Marc Cécillon, archives © DRLe rappel mercredi devant la cour d'assises de l'Isère des faits qui se sont déroulés au soir du 7 août 2004 à Saint-Savin, dans l'Isère, la nuit de la mort de Chantal Cécillon, a mis au jour deux Marc Cécillon, l'ancien rugbyman auteur présumé de l'assassinat : celui du début de soirée et celui au moment du drame.
Le Marc Cécillon qui arrive chez son meilleur ami Christian Béjuy, organisateur d'une fête en l'honneur des jeunes joueurs du club de rugby local, est passablement éméché, "triste et mal à l'aise et ce n'était pas dû qu'à l'alcool". Celui qui, après avoir été prié par son hôte de partir après avoir frappé Mme Bejuy, tire à cinq reprises sur sa femme à l'aide d'un revolver quelques heures après, "n'est plus le même homme", ont raconté nombre de témoins, au troisième jour du procès de l'ancien troisième ligne de Bourgoin (Top 14) devant les assises de l'Isère.
Propos déplacés
Christian Béjuy, qui se présente comme "un ami de 40 ans" de l'accusé, proclame encore aujourd'hui que "c'est un brave mec". C'est que Marc Cécillon, qui ne parle jamais de sa vie privée, commence à s'épancher devant les invités. Catherine Moreno, qui vient de se marier avec un ami d'enfance du rygbyman, raconte : "mon mari me l'a présenté, puis il nous a dit 'mais comment ça va vous sexuellement ? Parce que moi, ça ne va pas du tout, ma femme va divorcer'".

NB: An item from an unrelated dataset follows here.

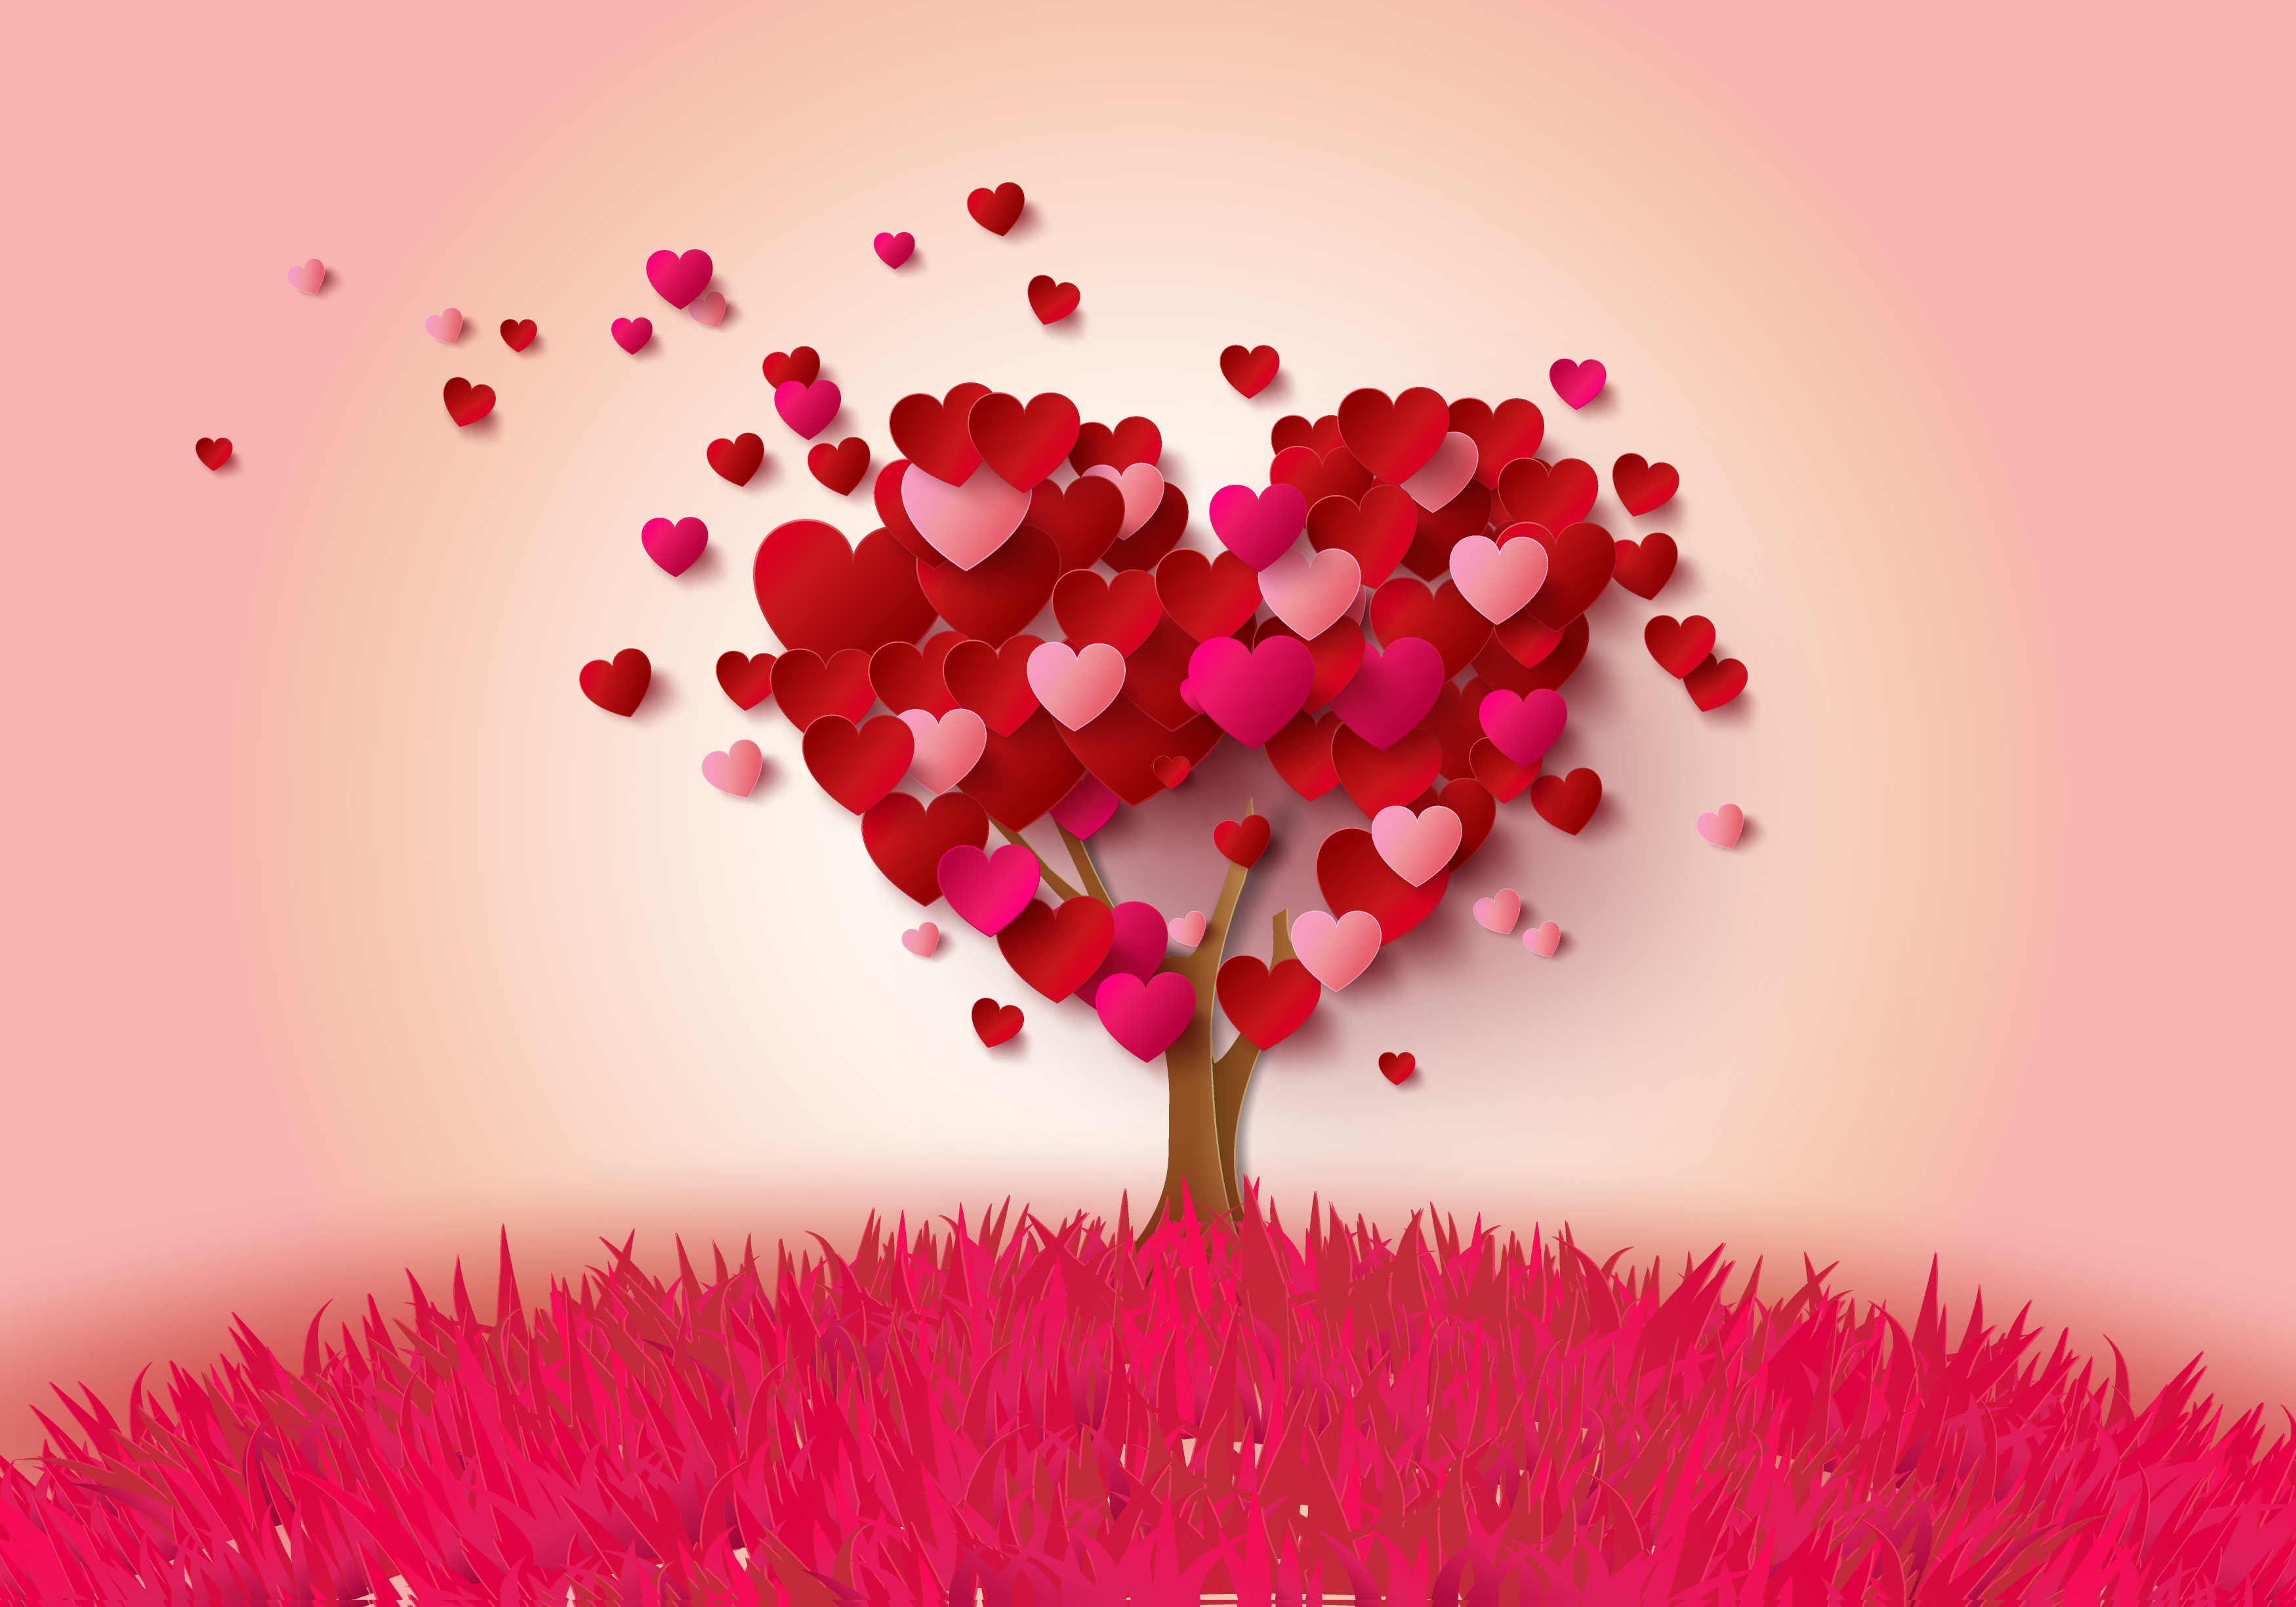 Обои для рабочего стола. дерево, сердце, сердечки, love, heart, pink, roman...

Trouvant ces propos déplacés, M. Béjuy propose à Marc Cécillon d'aller dîner. Celui-ci, s'installant à côté de sa femme Chantal, commence à lui poser des tas de questions. "Il l'ennuyait alors je lui ai dit 'touche pas Chantal, à moi, tu ne me fais pas peur'", affirme Elisabeth Béjuy, meilleure amie de la victime. Marc Cécillon réplique en lui assénant ce que tout le monde a qualifié de gifle mais qui, au vu de l'impressionnant gabarit de son auteur, était plus "un coup de poing" selon Mme Béjuy. Christian Béjuy raisonne son ami, qui lui avoue "avoir fait une connerie", avant de s'excuser puis de quitter la fête.

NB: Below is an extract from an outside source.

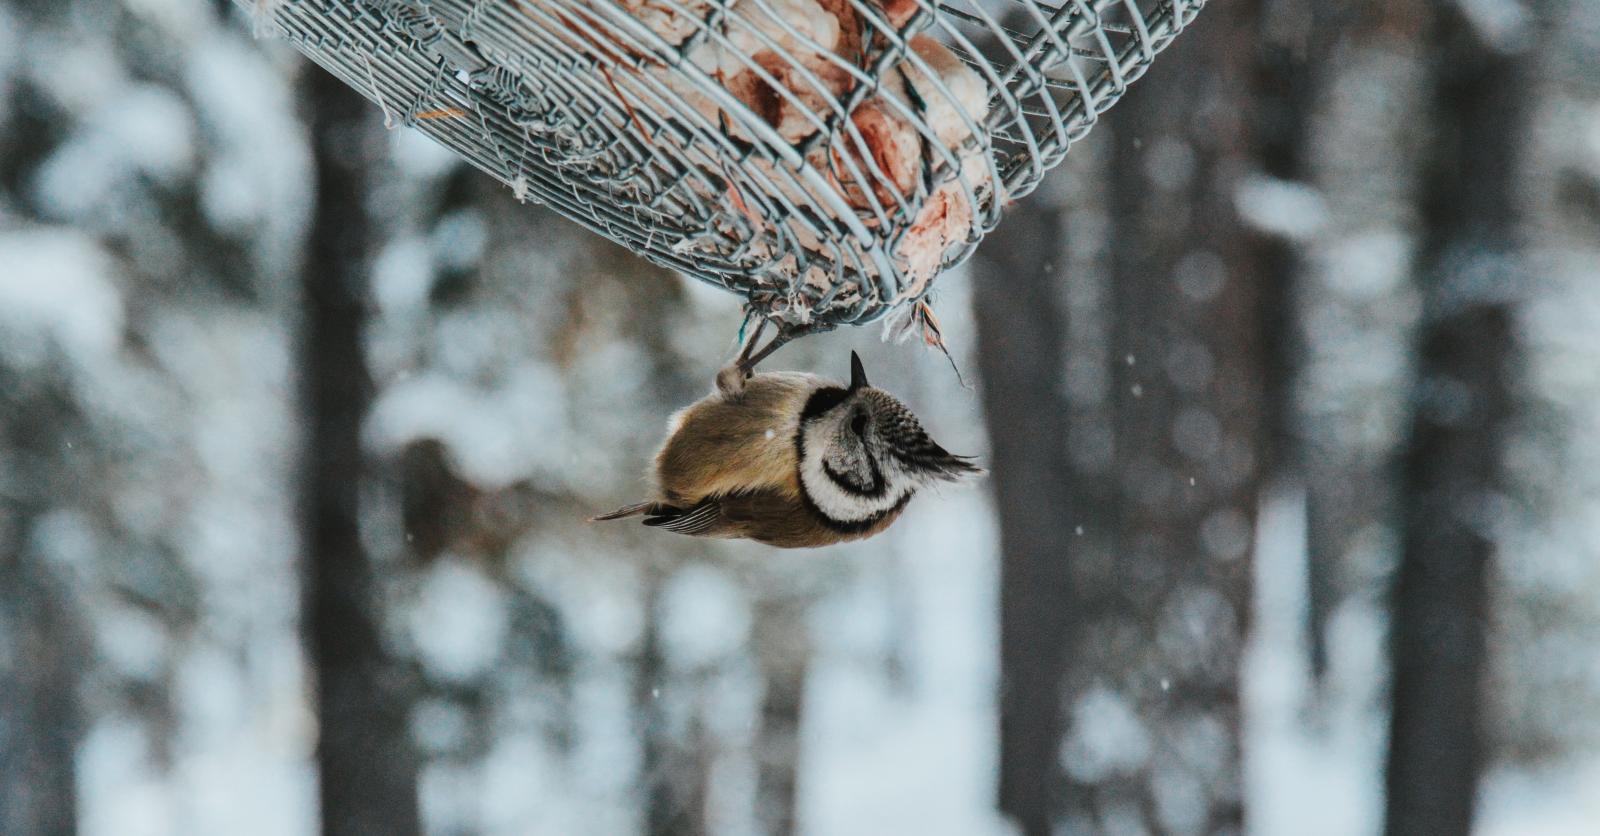 Boules de graisse pour oiseaux : voilà pourquoi il faut retirer les filets !

"Comme s'il avait dessoûlé"
Chantal Cécillon, en pleurs, demande alors à son amie Elisabeth de porter plainte, et lui promet qu'elle ne remettra plus les pieds au domicile conjugal. Quand Marc Cécillon, revenu entre-temps chez lui chercher le revolver, se gare de nouveau devant le domicile des Béjuy, peu avant minuit, seul le fils de la maison, Alexandre, 22 ans à l'époque, le voit sortir un objet de sa voiture puis, distinctement, cacher cet objet -l'arme- sous sa chemise. Il tente de prévenir son parrain, en vain.

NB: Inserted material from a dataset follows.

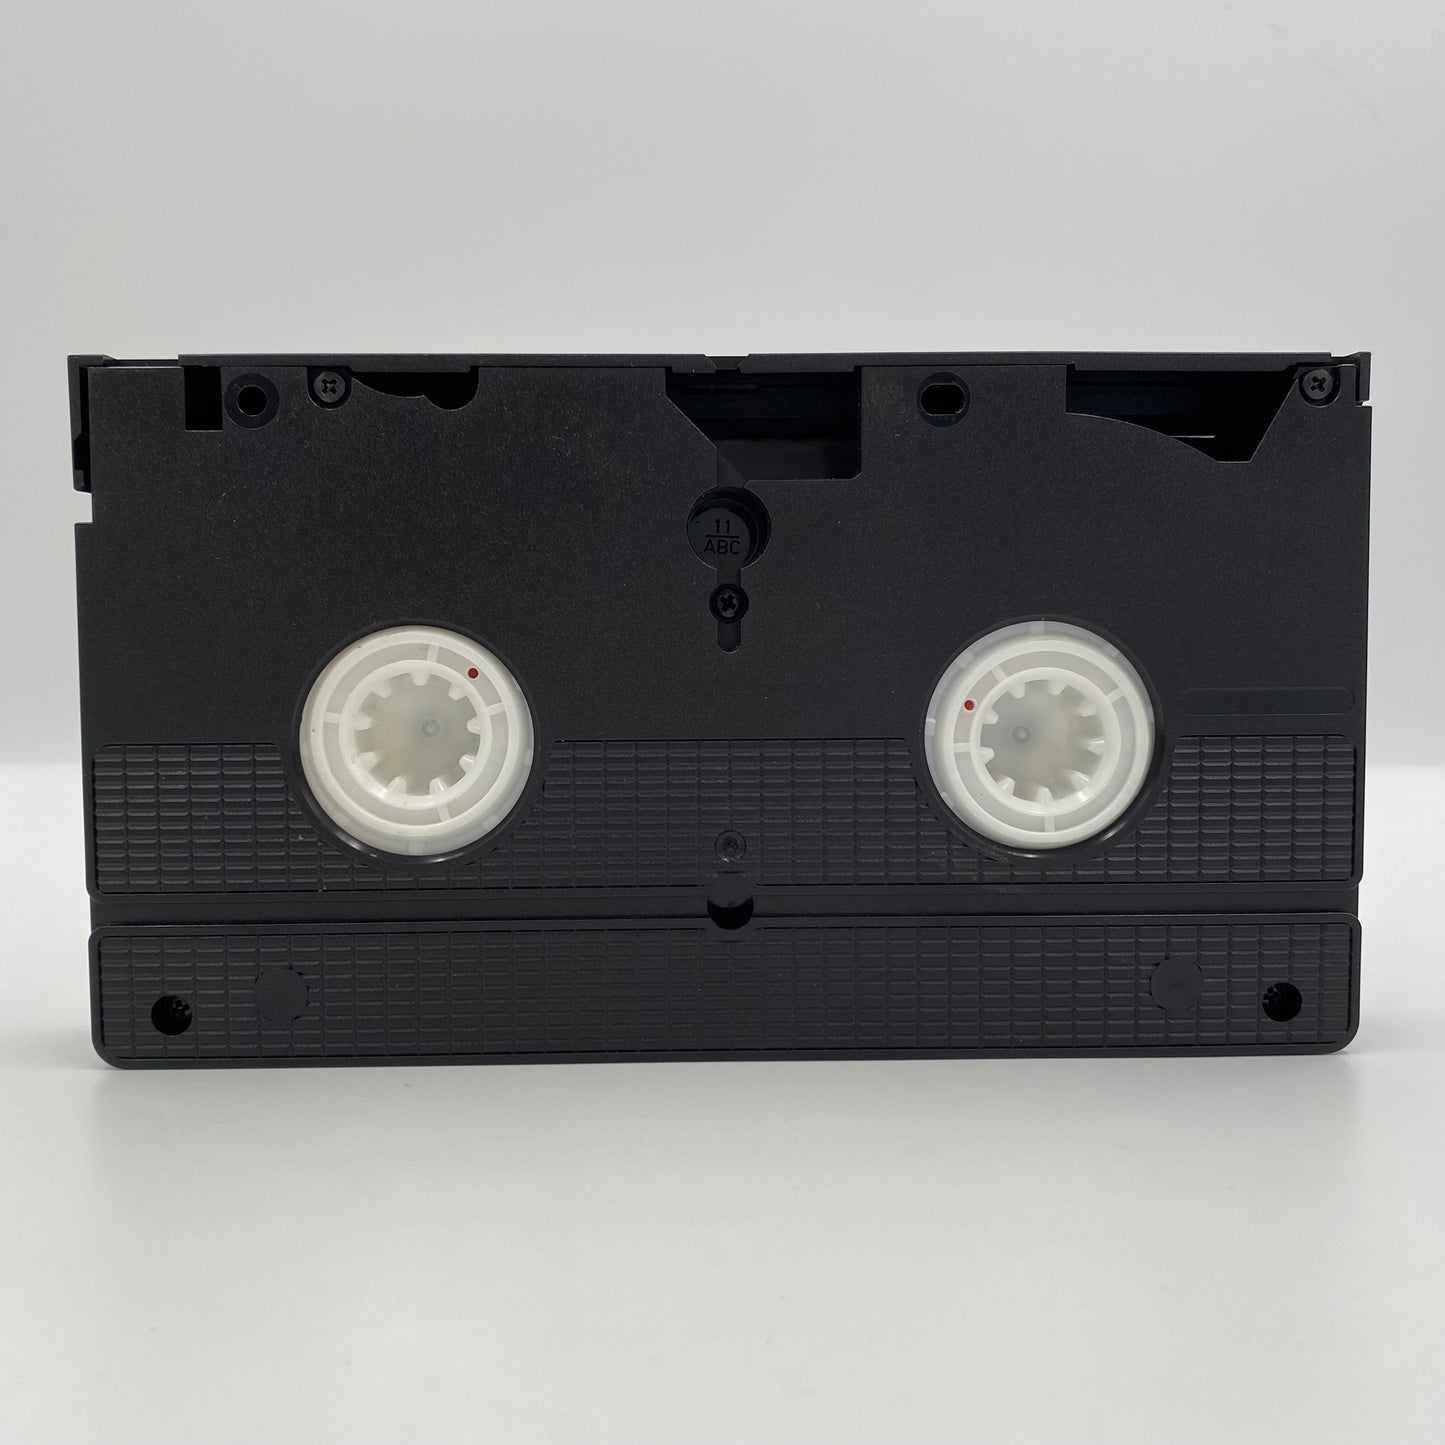 Beetlejuice VHS tape (1991) Warner Home Video

Puis l'ancien rugbyman se dirige vers les invités. Là, tous le déclarent changé. "Il était zen et cool", dit Mme Béjuy. "Ce n'était plus le même homme, comme s'il avait dessoûlé", raconte Angel Martin Moreno. "Il marchait droit, il était calme, posé", renchérit sa femme. Aussi, personne ne se méfie quand il parle de dire au revoir "aux femmes". Et personne ne se doute qu'il a une arme. Il fait la bise à une invitée, feint d'embrasser une autre tout en sortant l'arme de son bermuda et tire en direction de sa femme. M. Béjuy, aidé de M. Moreno, tente de le maîtriser et lui crie: "Putain Marco, qu'est-ce que tu as fait ? Tu as tué Chantal, la mère de tes filles !" "Mais non, je ne l'ai pas tué, c'est de l'amour", hurle Cécillon.